◆ Dataset content ◆

---

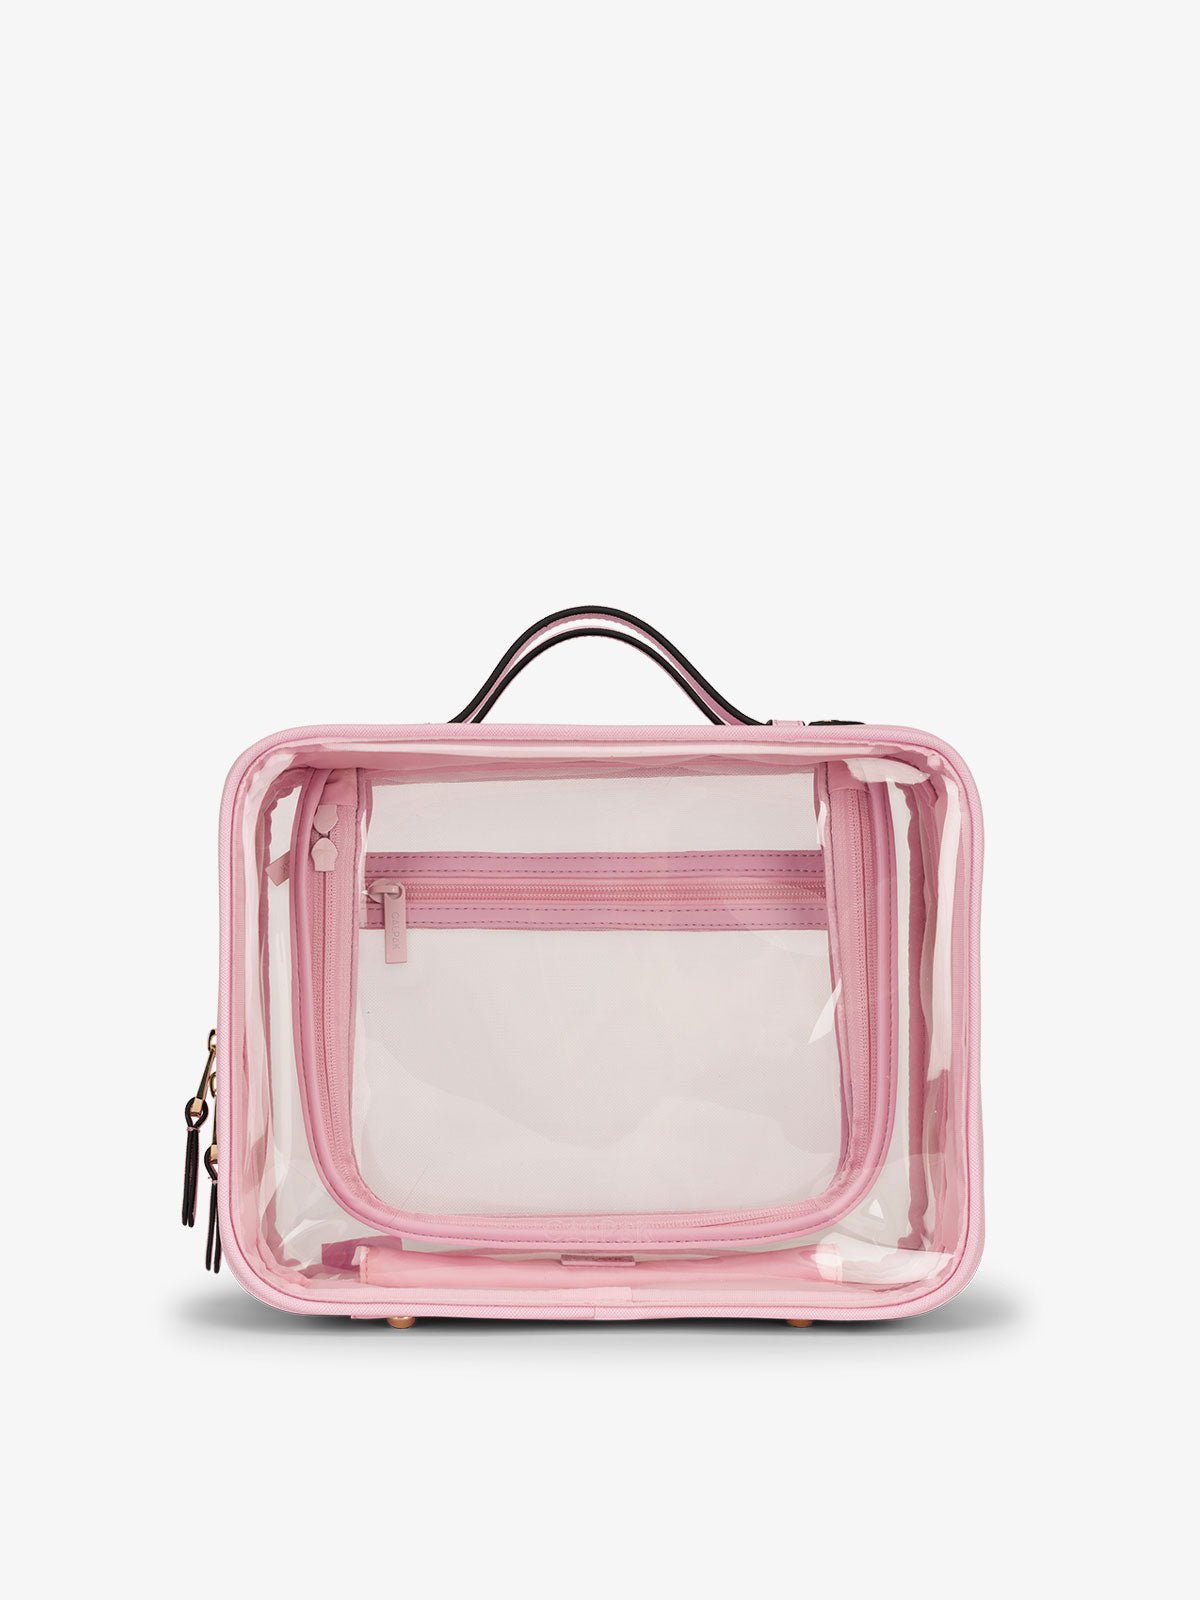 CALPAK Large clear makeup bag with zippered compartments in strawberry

---

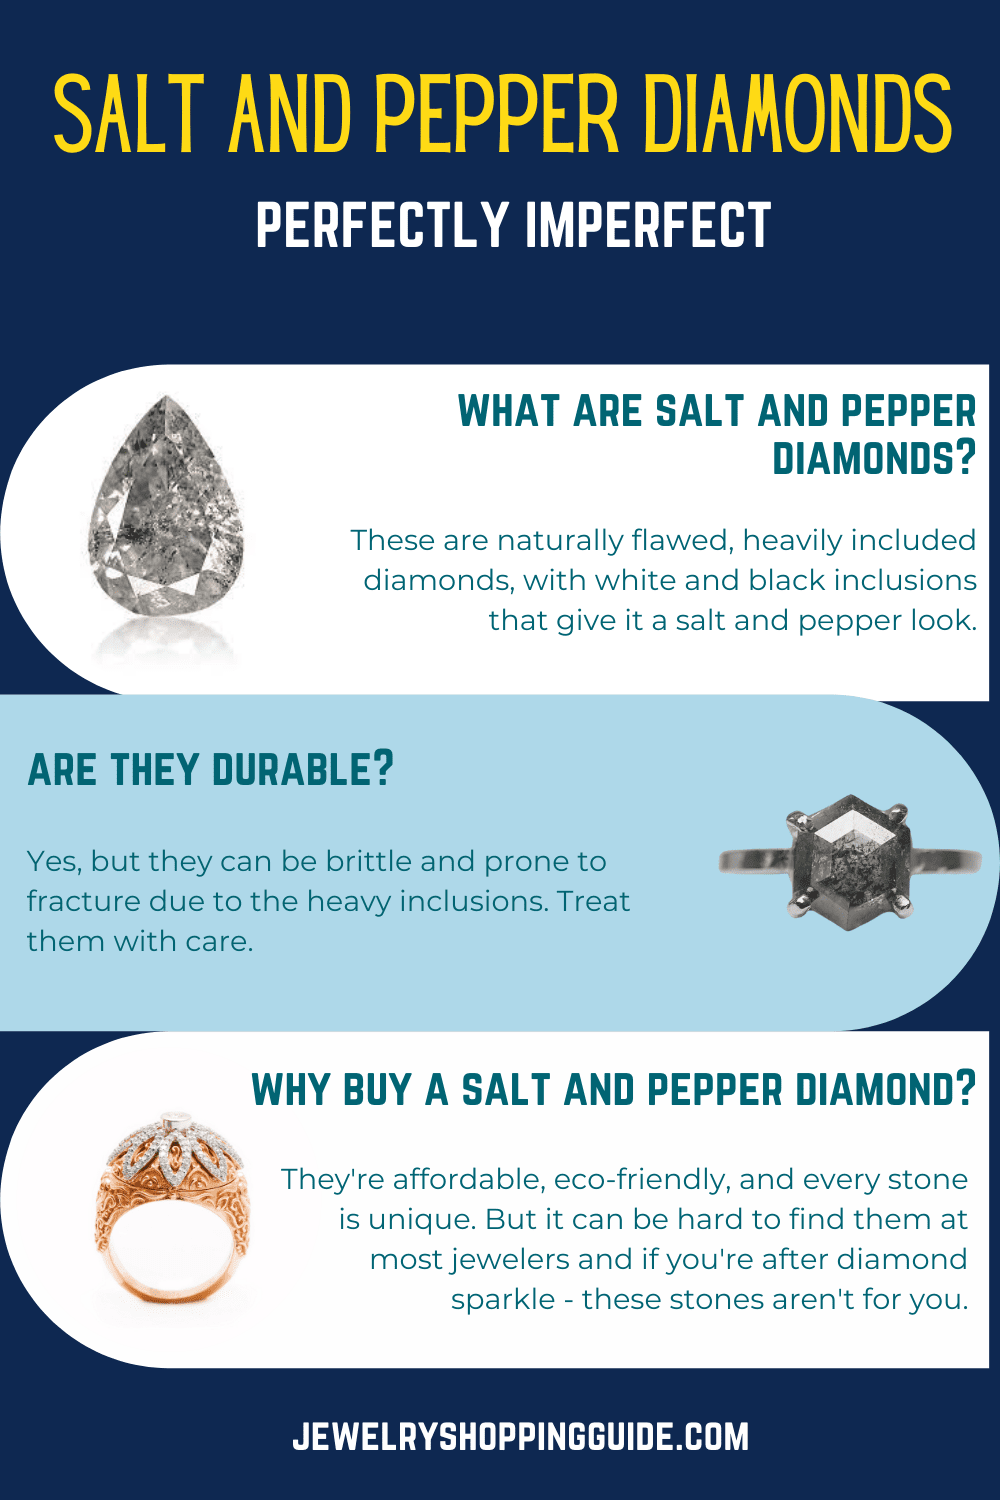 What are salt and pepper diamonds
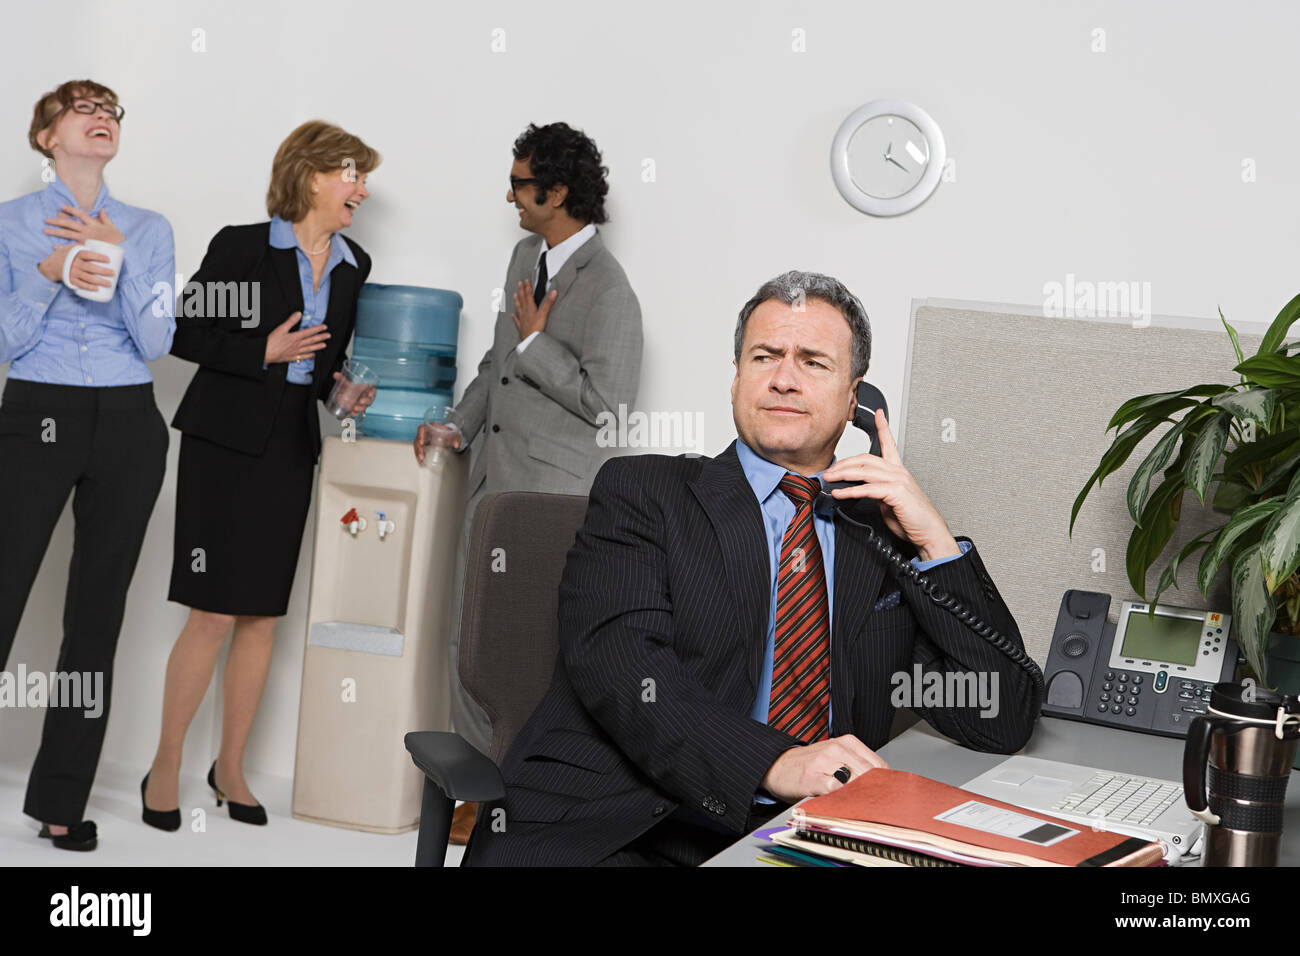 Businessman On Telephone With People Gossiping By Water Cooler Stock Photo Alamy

---

◆ Task item ◆
Using the data above, return the lines from the one holding "What are salt and pepper diamonds" through the one holding "Businessman On Telephone" exactly, but not the pictures.

◆ Solution to the exercise ◆
 What are salt and pepper diamonds
 Businessman On Telephone With People Gossiping By Water Cooler Stock Photo Alamy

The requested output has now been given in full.